– Пача! Стой! – От страха голос у меня сделался высоким и визгливым – хорошо, Мартина не было рядом.
Мне удалось наконец схватить одной рукой поводья, по-прежнему сжимая ногами кобыле бока. В отдалении послышался топот копыт другого скакуна.
Мартин!
Не распознает ли он во мне женщину, увидев меня без очков? И когда же наконец эта чертова лошадь остановится? От рассеченной верхней губы во рту ощущался привкус крови.

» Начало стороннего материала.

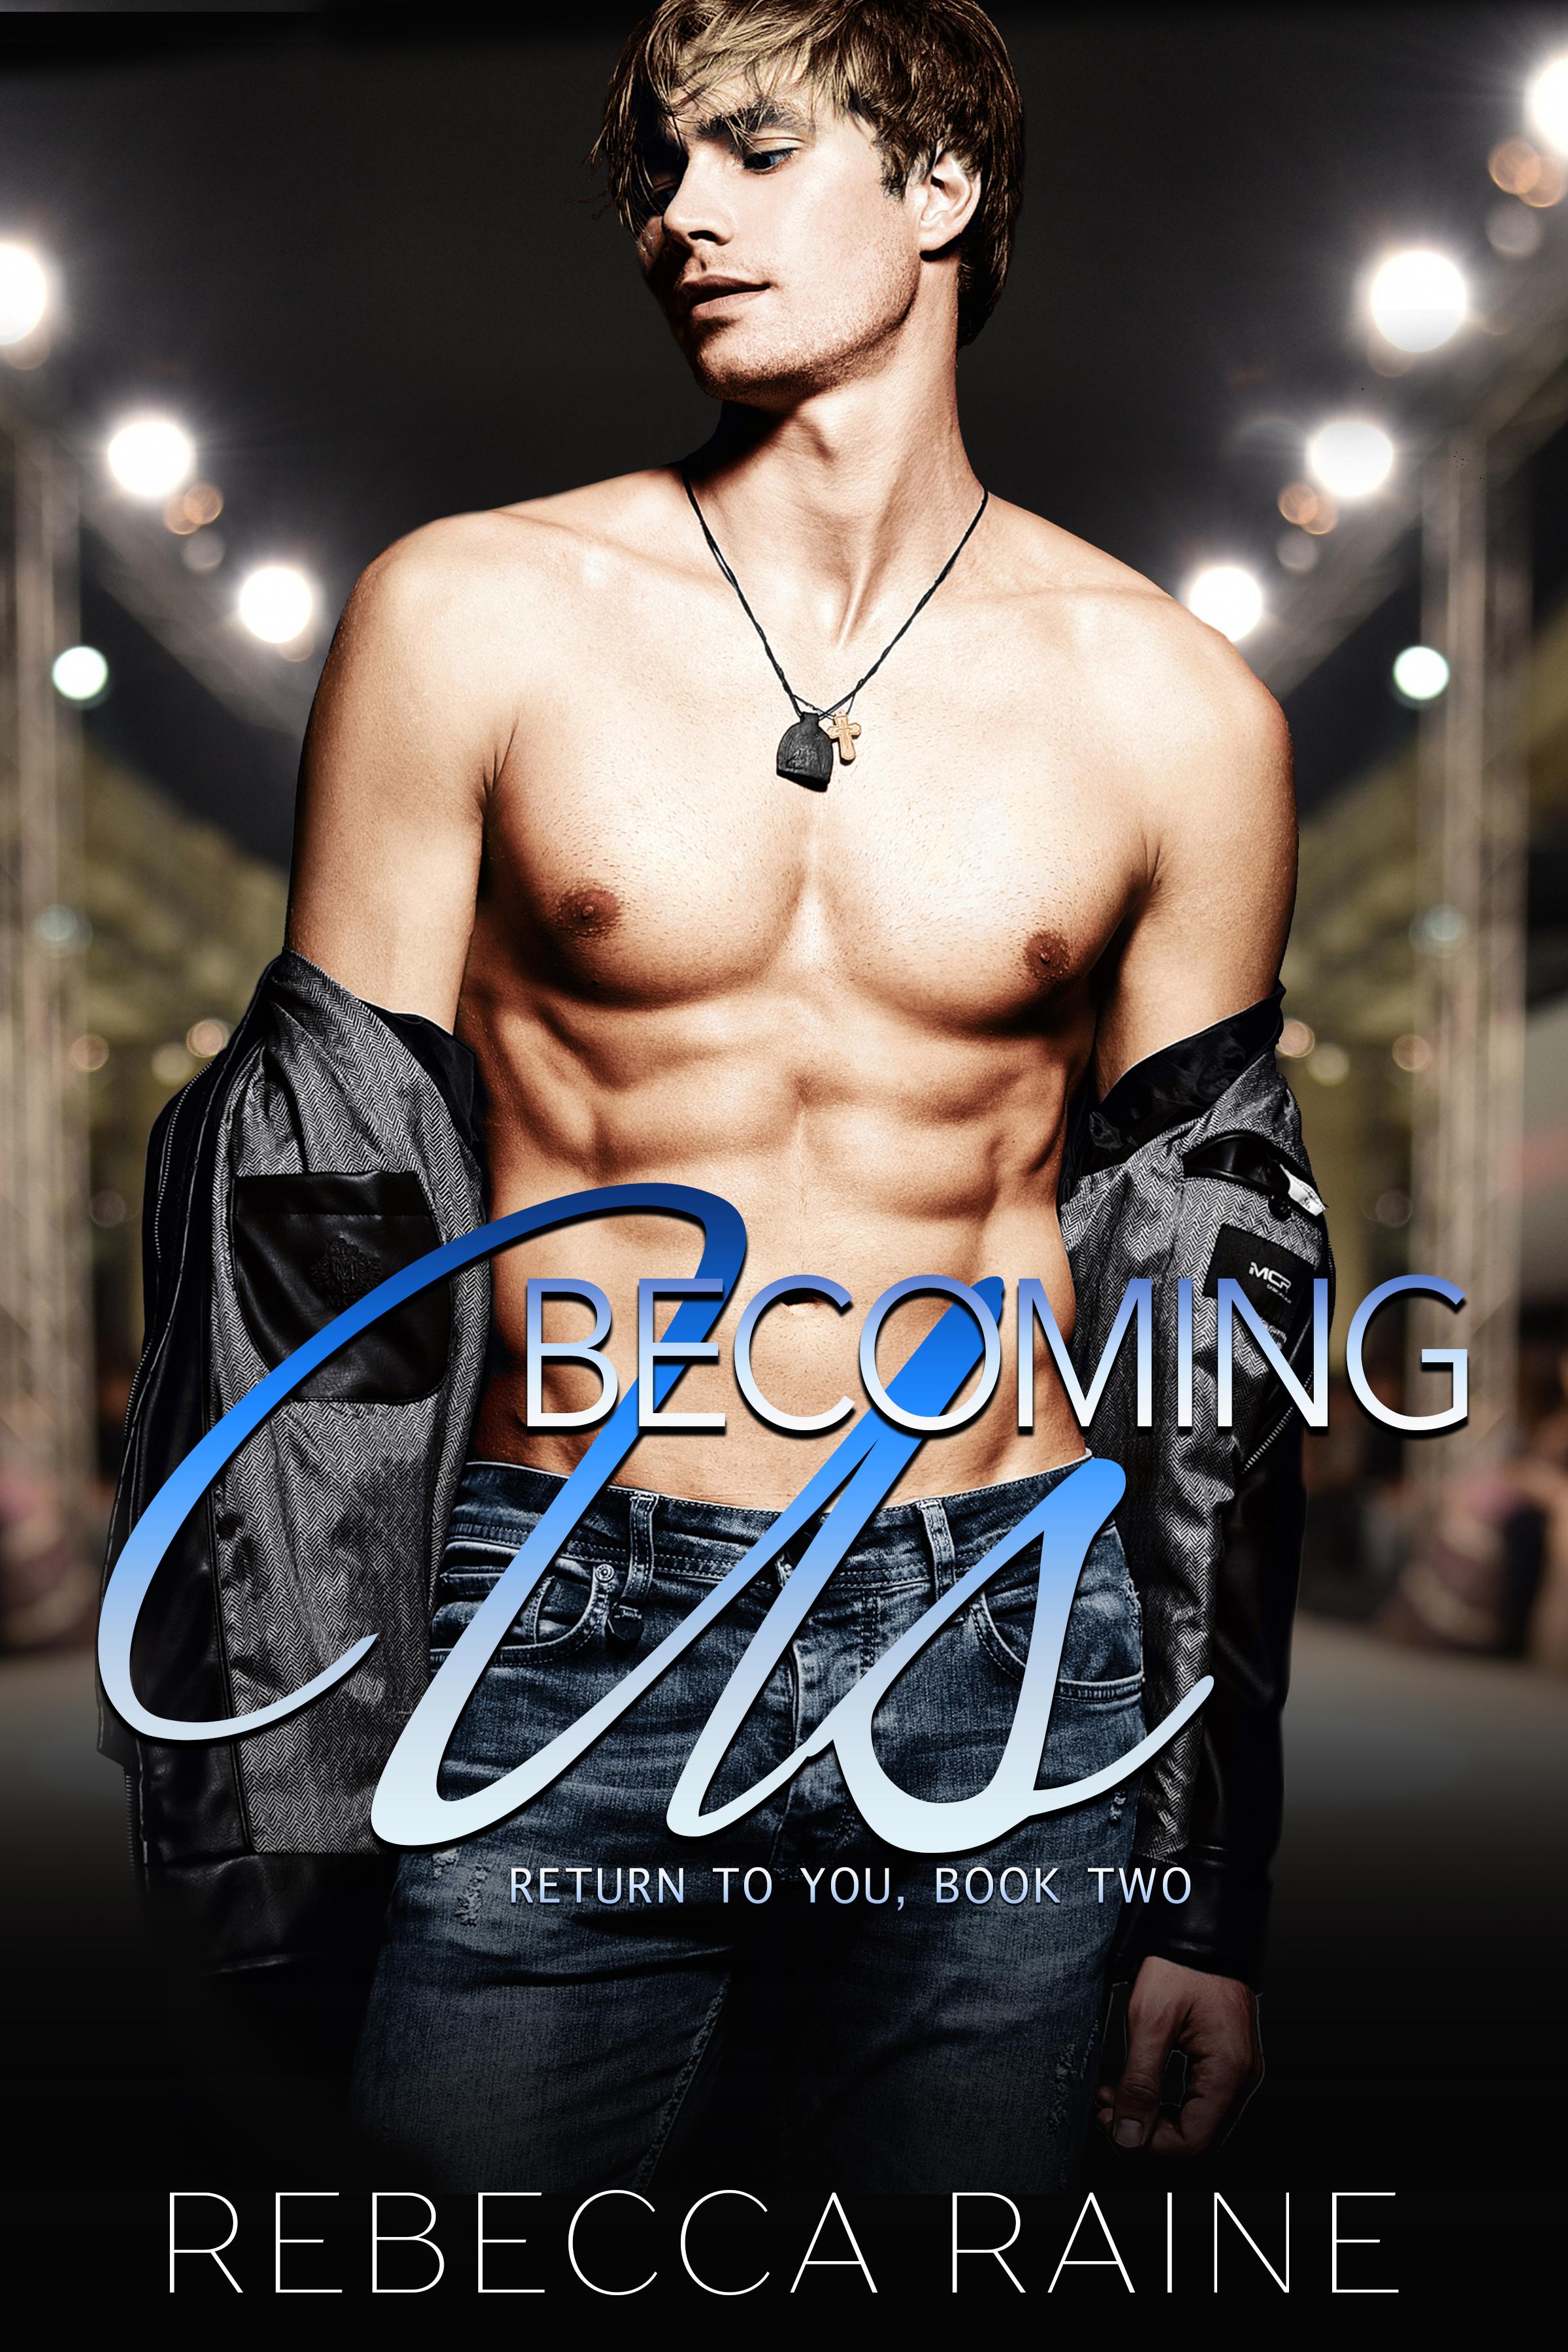 RebeccaRaine_ReturnToUs_Book 2_BecomingUs__Kindle

Добравшись до ручья, Пача сразу сбавила шаг. Казалось, она даже забыла, что я у нее на спине. Дойдя до кромки воды, кобыла опустила голову так низко, что ее морда скрылась у меня из виду. Jesús, María y José![23] Ей просто приспичило попить! Но мне сейчас больше всего хотелось спуститься на землю.
Мне удалось-таки соскочить с лошади. Земля под ногами оказалась влажной, и ботинки тут же покрылись грязью. Потирая ноющие бедра, я пошла обратно по следам Пачи, пытаясь найти свои очки.
Они должны были валяться где-то здесь. Я сделала несколько широких шагов, хорошенько вглядываясь в сухие листья. На самом краю зрения что-то внезапно привлекло мое внимание. Какое-то яркое пятно. Я подняла голову. Сквозь заросли кустов я смогла разглядеть некое сооружение. Точнее, фрагмент стены. Раздвинув ветки, я направилась туда, чтоб посмотреть поближе.
Это оказался дом, причем разрушенный пожаром. Некогда он был в два этажа, но второй этаж выгорел почти полностью. Остались стоять лишь куски обугленных стен, почти все окна первого этажа были разбиты. Изнутри стены были черны от копоти.
– Дон Кристобаль! – донесся откуда-то из-за зарослей голос Мартина.
Я не ответила, боясь того, как зазвучит мой голос, если я ему что-то прокричу. Тем не менее я вскоре услышала его приближение. Натянув поводья, Мартин поднялся на стременах.
– Что у вас случилось?
– Пачу понесло на водопой, – махнула я рукой в сторону ручья.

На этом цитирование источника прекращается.